### [GIVEN INFORMATION]
****************

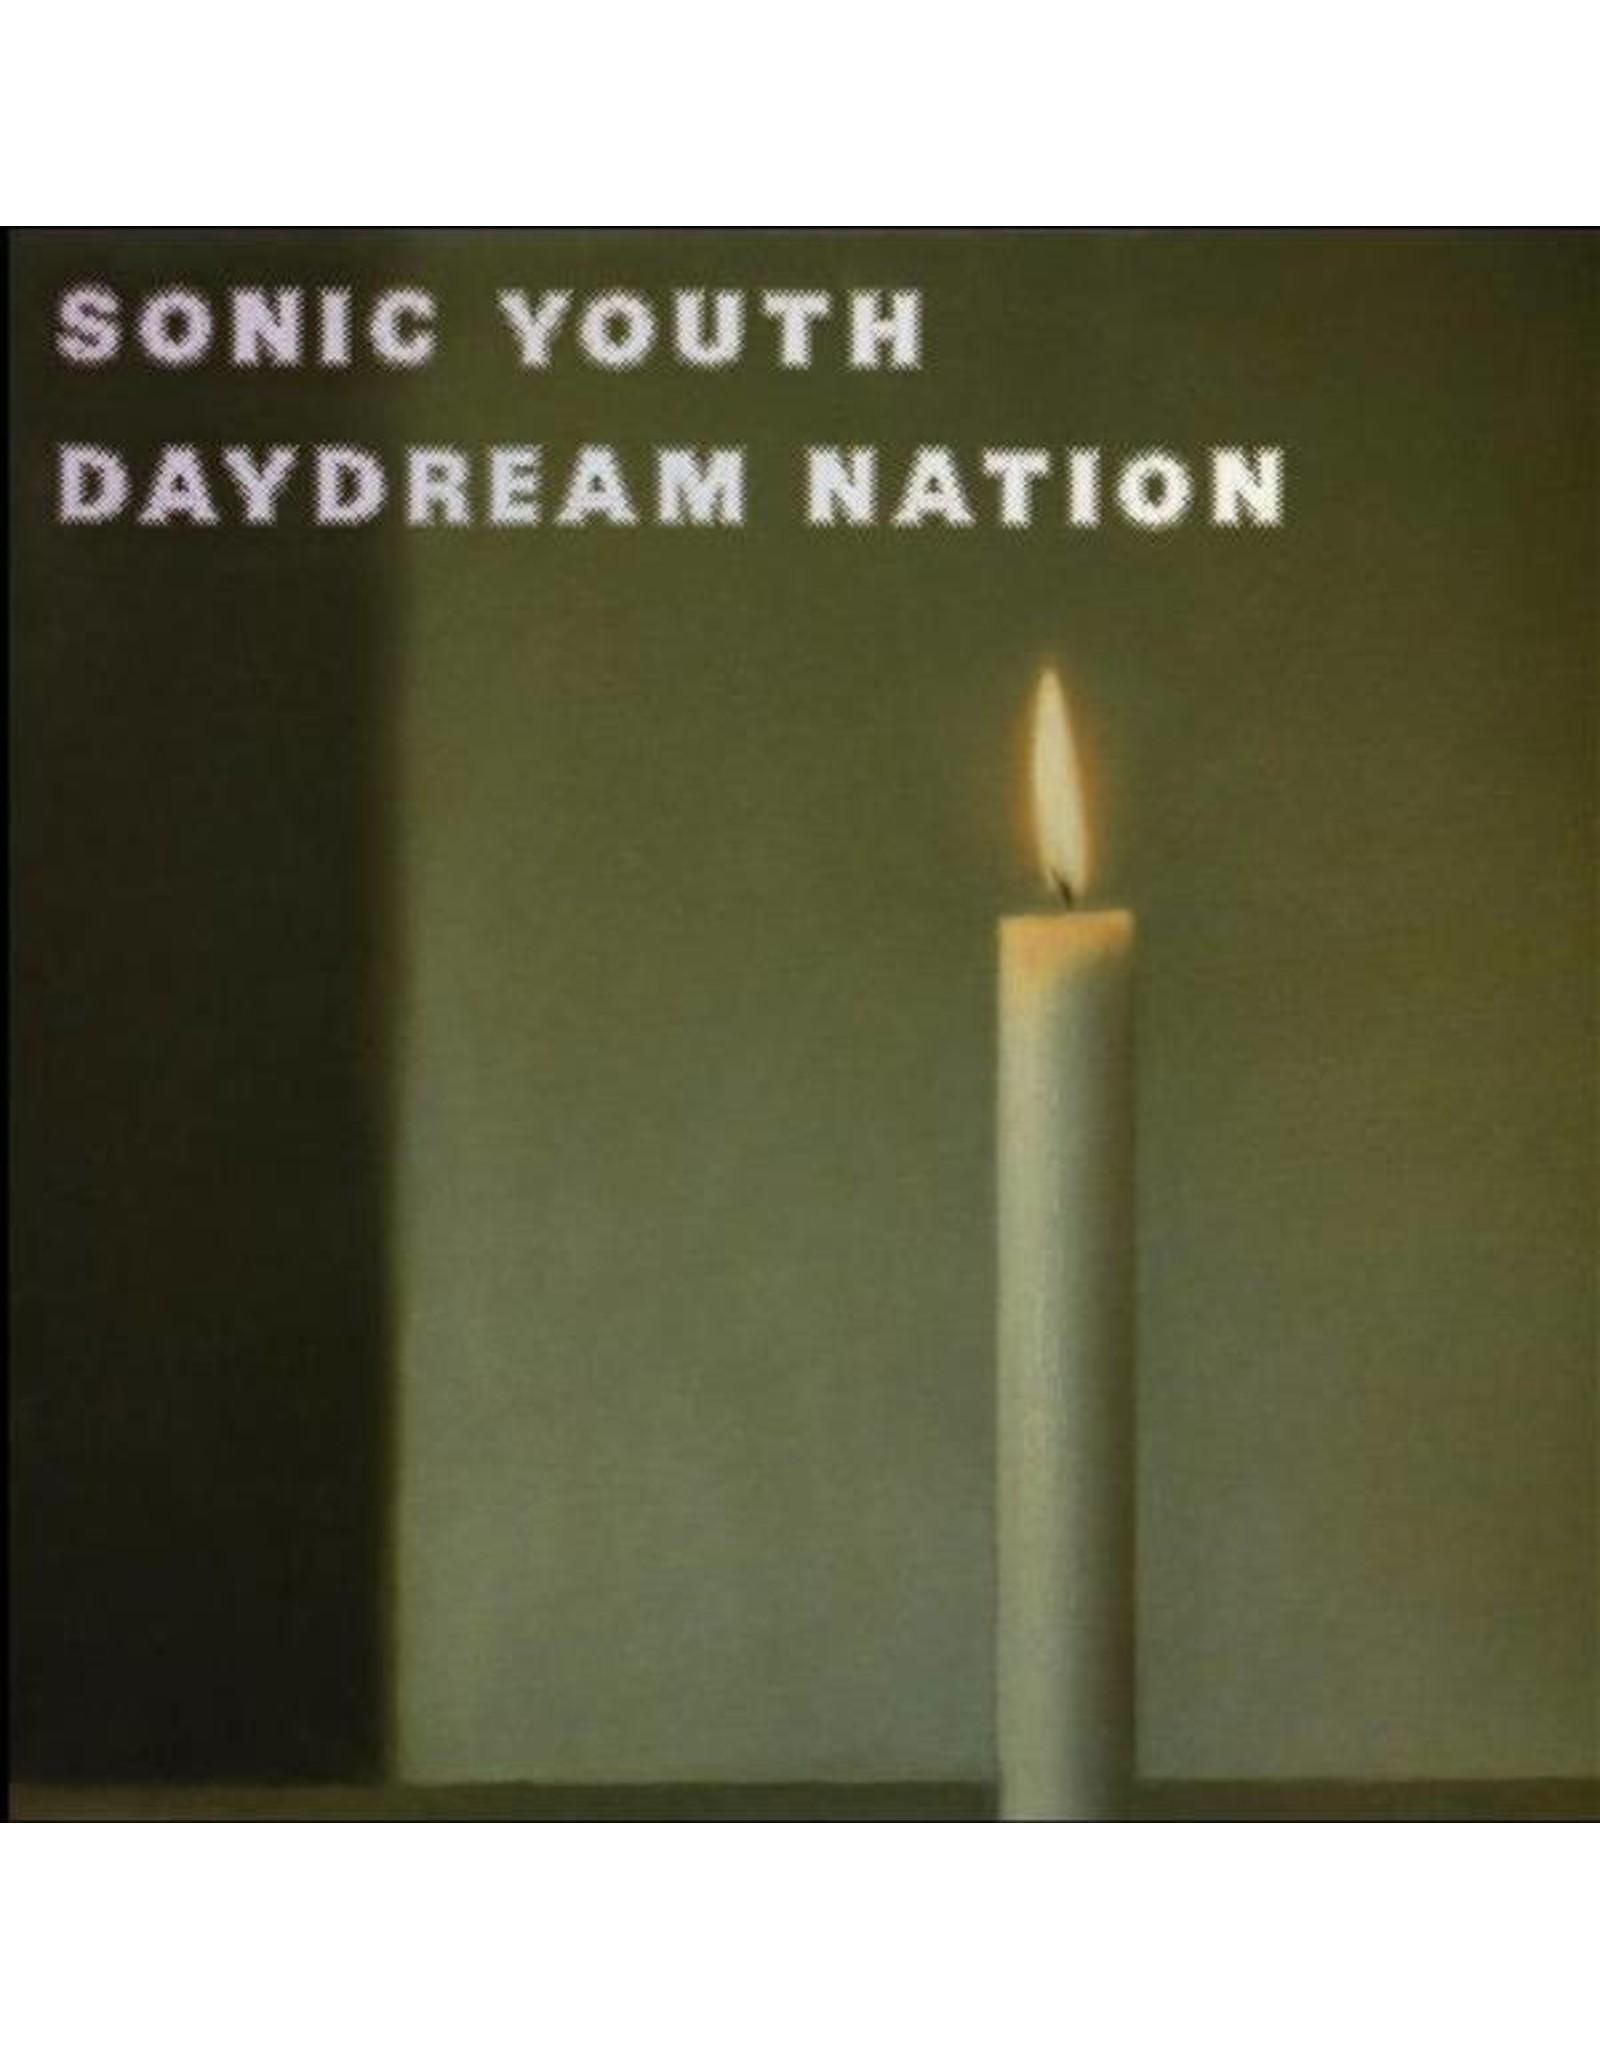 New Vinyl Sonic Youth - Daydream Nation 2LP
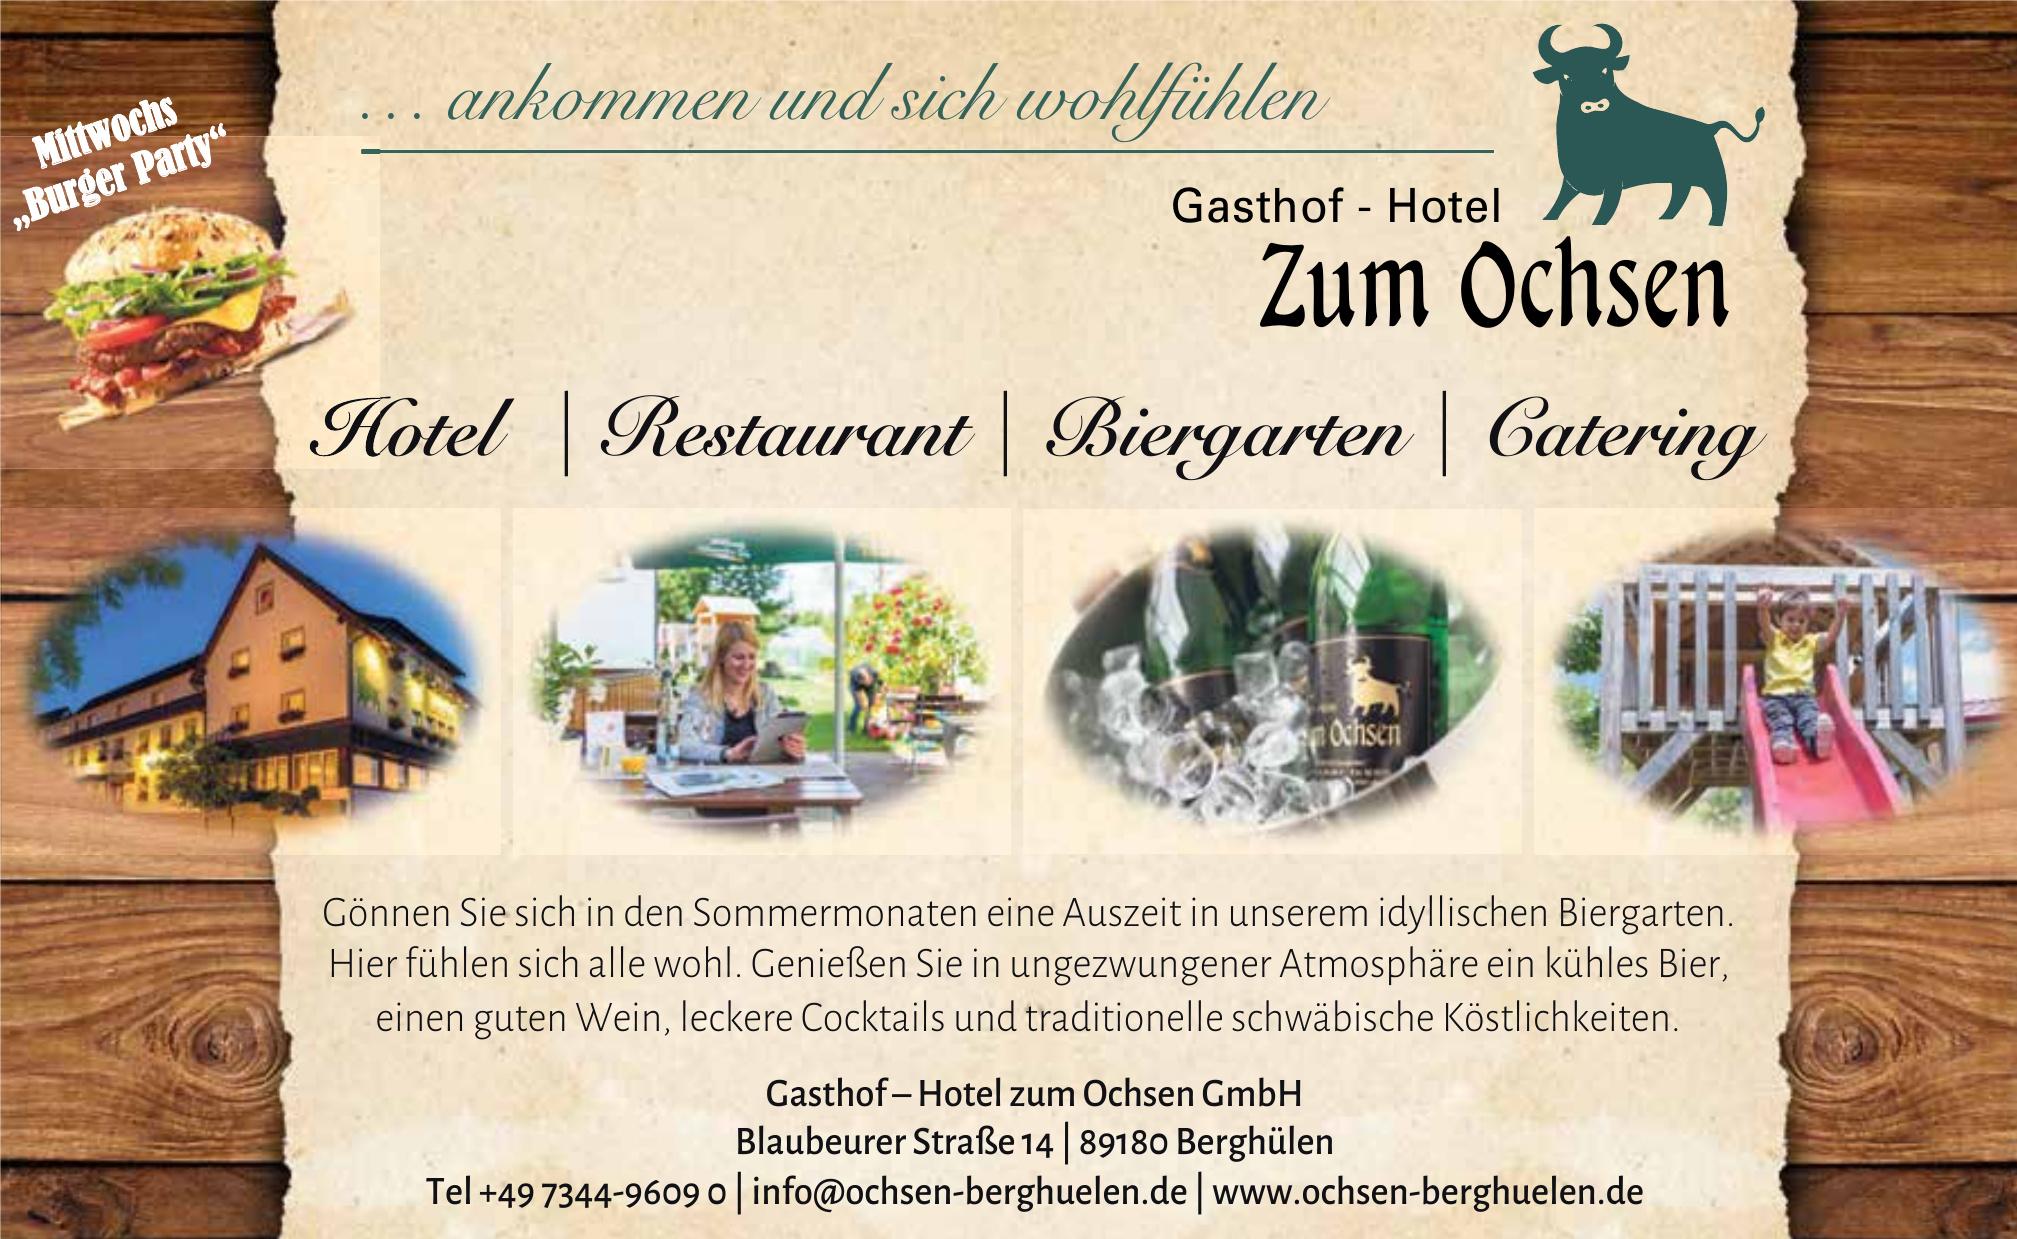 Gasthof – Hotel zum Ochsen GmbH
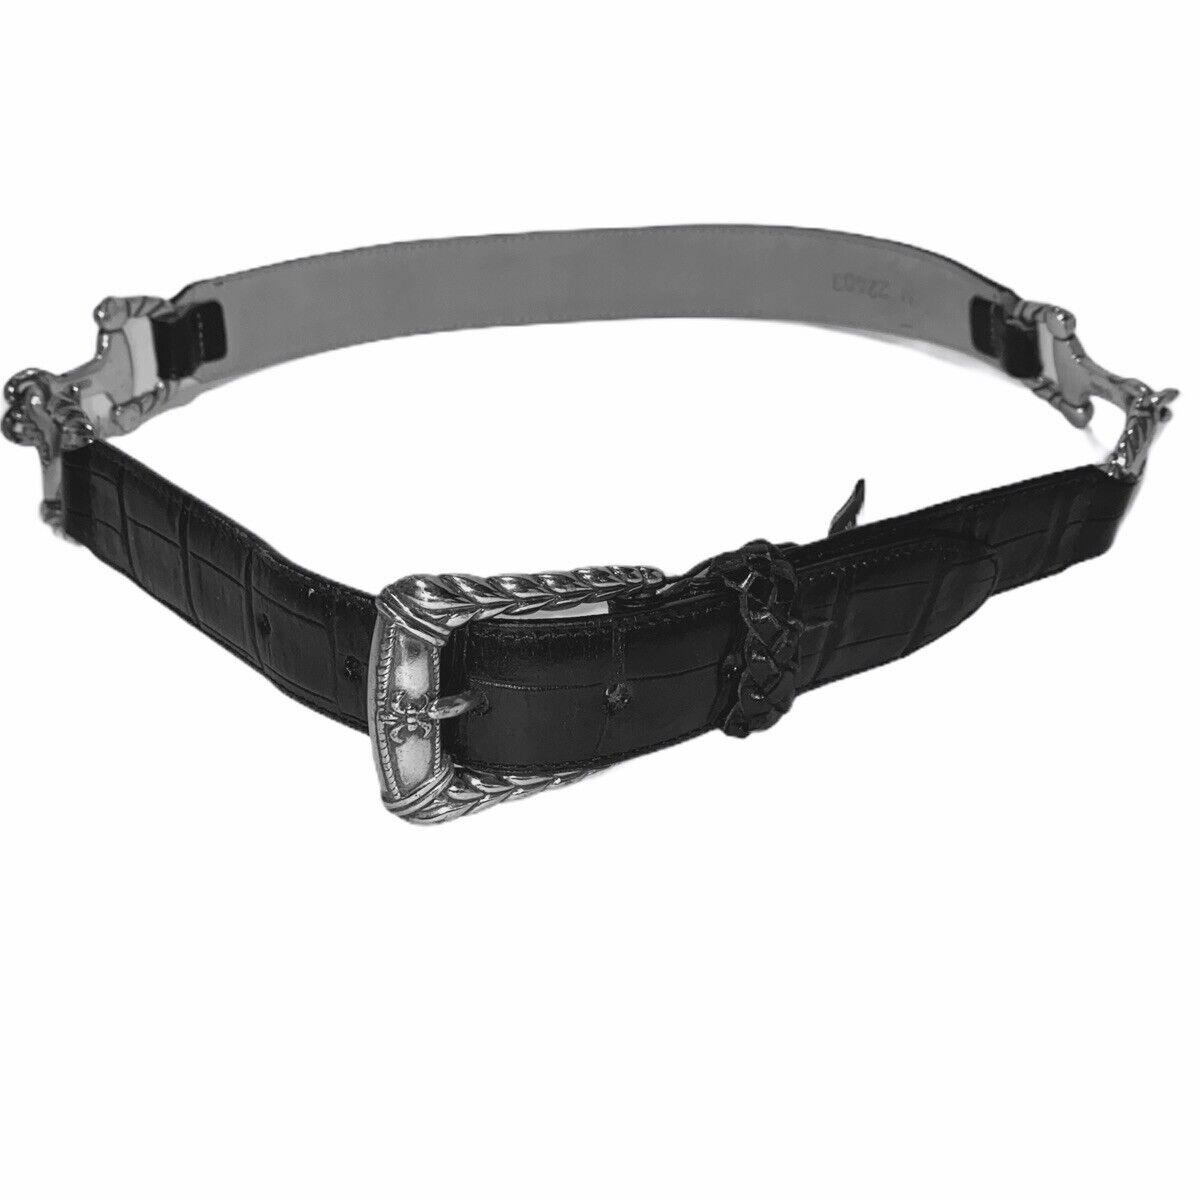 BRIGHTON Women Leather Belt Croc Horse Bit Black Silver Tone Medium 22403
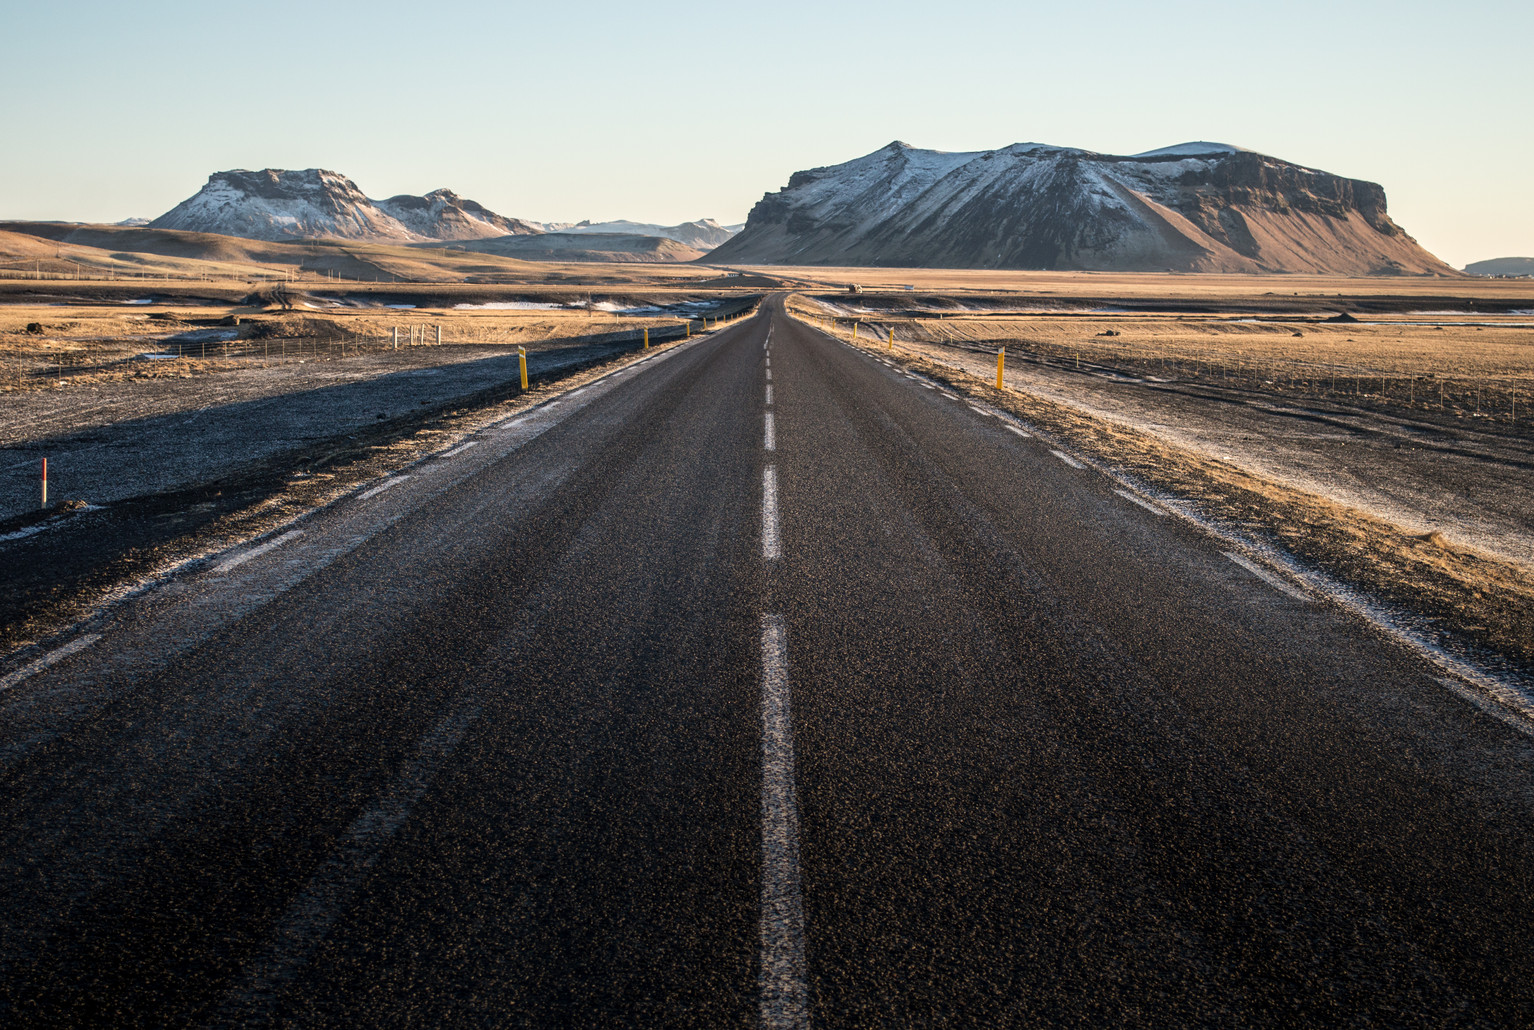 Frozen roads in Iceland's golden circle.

****************

### [PROBLEM DETAILS]
Give every line above again exactly, omitting whatever pictures appear.

### [SOLUTION FOR THIS PROBLEM]
 New Vinyl Sonic Youth - Daydream Nation 2LP
 Gasthof – Hotel zum Ochsen GmbH
 BRIGHTON Women Leather Belt Croc Horse Bit Black Silver Tone Medium 22403
 Frozen roads in Iceland's golden circle.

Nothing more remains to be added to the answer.